After committing in 2015 to repealing the legislative provisions in the Criminal Code that have contributed to this injustice – mandatory minimum penalties (MMPs), which exist for 72 offences – the Liberal government has dallied for more than six years of harmful delays because of political expediency. Now, the federal government has finally introduced Bill C-22 – legislation that might best be characterized as a baby step forward.

The use of MMPs in Canada correlates directly with the increased rates of incarceration of Indigenous people and Black Canadians, which is why the Parliamentary Black Caucus, the Truth and Reconciliation Commission and the National Inquiry into Missing and Murdered Indigenous Women and Girls have called for the elimination or reconsideration of all MMPs. MMPs also discriminate against women more generally, particularly those who are marginalized by race and income disparity. MMPs also undermine the rule of law as they encourage wrongful guilty pleas and carry enormous and needless financial costs.

Most importantly, as extensive evidence has demonstrated, MMPs do not deter crime. They do not serve the interests of victims, either. Rather, they harm all of us by making Canada a harsher, more punitive country. Simply put, MMPs result in a less fair and less just society for all.

In fact, the proliferation of MMPs in the past few decades has been an aberration – a trend at odds with the broader historical, non-partisan consensus against them. Canada’s rigid and harsh MMPs have made us an outlier among Western democracies. This is shameful.

For their part, judges have been telling us for decades that mandatory sentences limit their ability to administer justice. Back in 1987, when the Criminal Code only contained a total of 10 MMPs, 57 per cent of Canadian judges said that mandatory minimum penalties restricted their ability to mete out a just sentence.
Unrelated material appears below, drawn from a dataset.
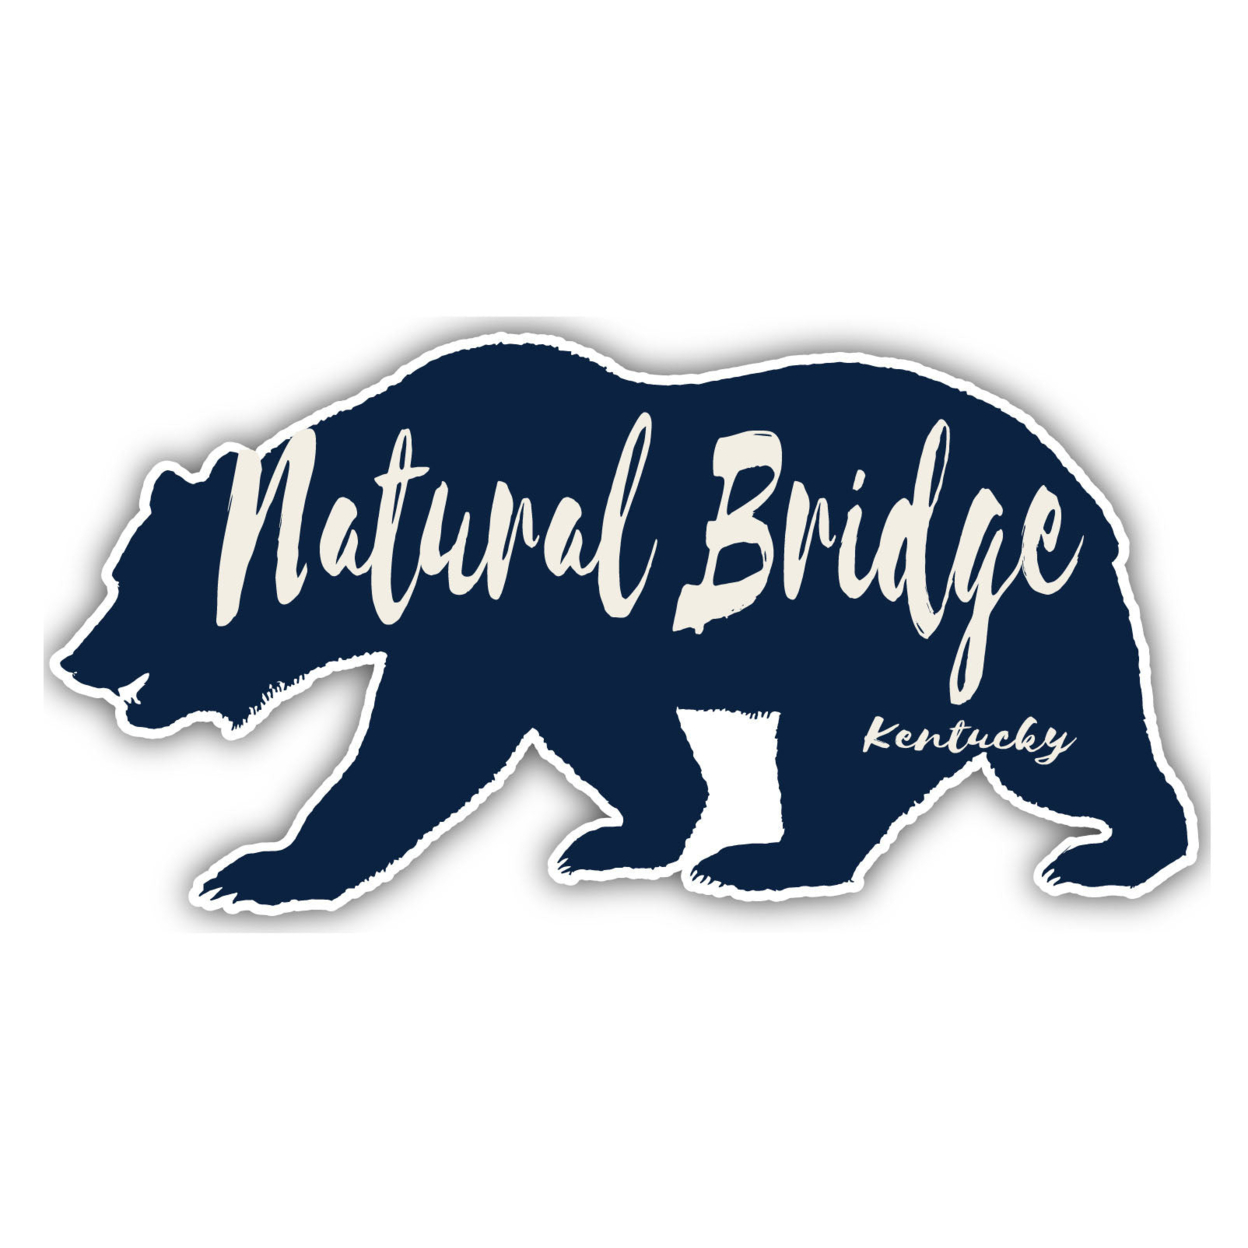 Natural Bridge Kentucky Souvenir Decorative Stickers (Choose Theme And Size) - Single Unit, 2-Inch, Bear

In the intervening years, rather than reducing the numbers and impact of MMPs, successive federal governments have increased them – some six- or sevenfold.

The harshest MMP in the Criminal Code is life in prison. Between 2006 and 2016, 45 per cent of women sentenced to life in prison were Indigenous. Not because they represent the gravest threat to public safety, but rather because Canada’s principles of justice, fairness, proportionality and restraint in sentencing – including section 718.2(e) of the Criminal Code, which obligates lower courts to consider “all available sanctions, other than imprisonment, that are reasonable … with particular attention to the circumstances of Aboriginal offenders” – have been obliterated by MMPs.

In recent months, the House of Commons and the Senate have worked on Bill C-7, which would amend the law around medical assistance in dying, after a single lower court ruling in a single jurisdiction. By comparison, Bill C-22 repeals a mere 19 of the at least 43 MMPs that have already been struck down by courts at all levels throughout this country, with the courts continuing to rule MMPs unconstitutional and disproportionate.

The government should not be afraid of this so-called “red meat” issue. The Canadian public overwhelmingly supports judicial discretion in sentencing. In 2017, nine in 10 Canadians wanted the government to consider giving judges the flexibility to not impose MMPs. So, it makes no political sense for the government to introduce this half measure. Those who oppose this action will oppose it in any case.

We need legislation that is transformative, not performative. This government could, as has been widely recommended, reinvigorate the law reform commission to review and recommend meaningful change to our criminal legal system. Alternatively, the government could introduce legislation to repeal all mandatory minimums or to allow judges discretion to not impose MMPs and instead allow them to use the most appropriate penological response, whether diversion from the legal system, personal or community service work, house arrest (also known as conditional sentences), treatment or incarceration.

Or we could fix Bill C-22, and get the job done now.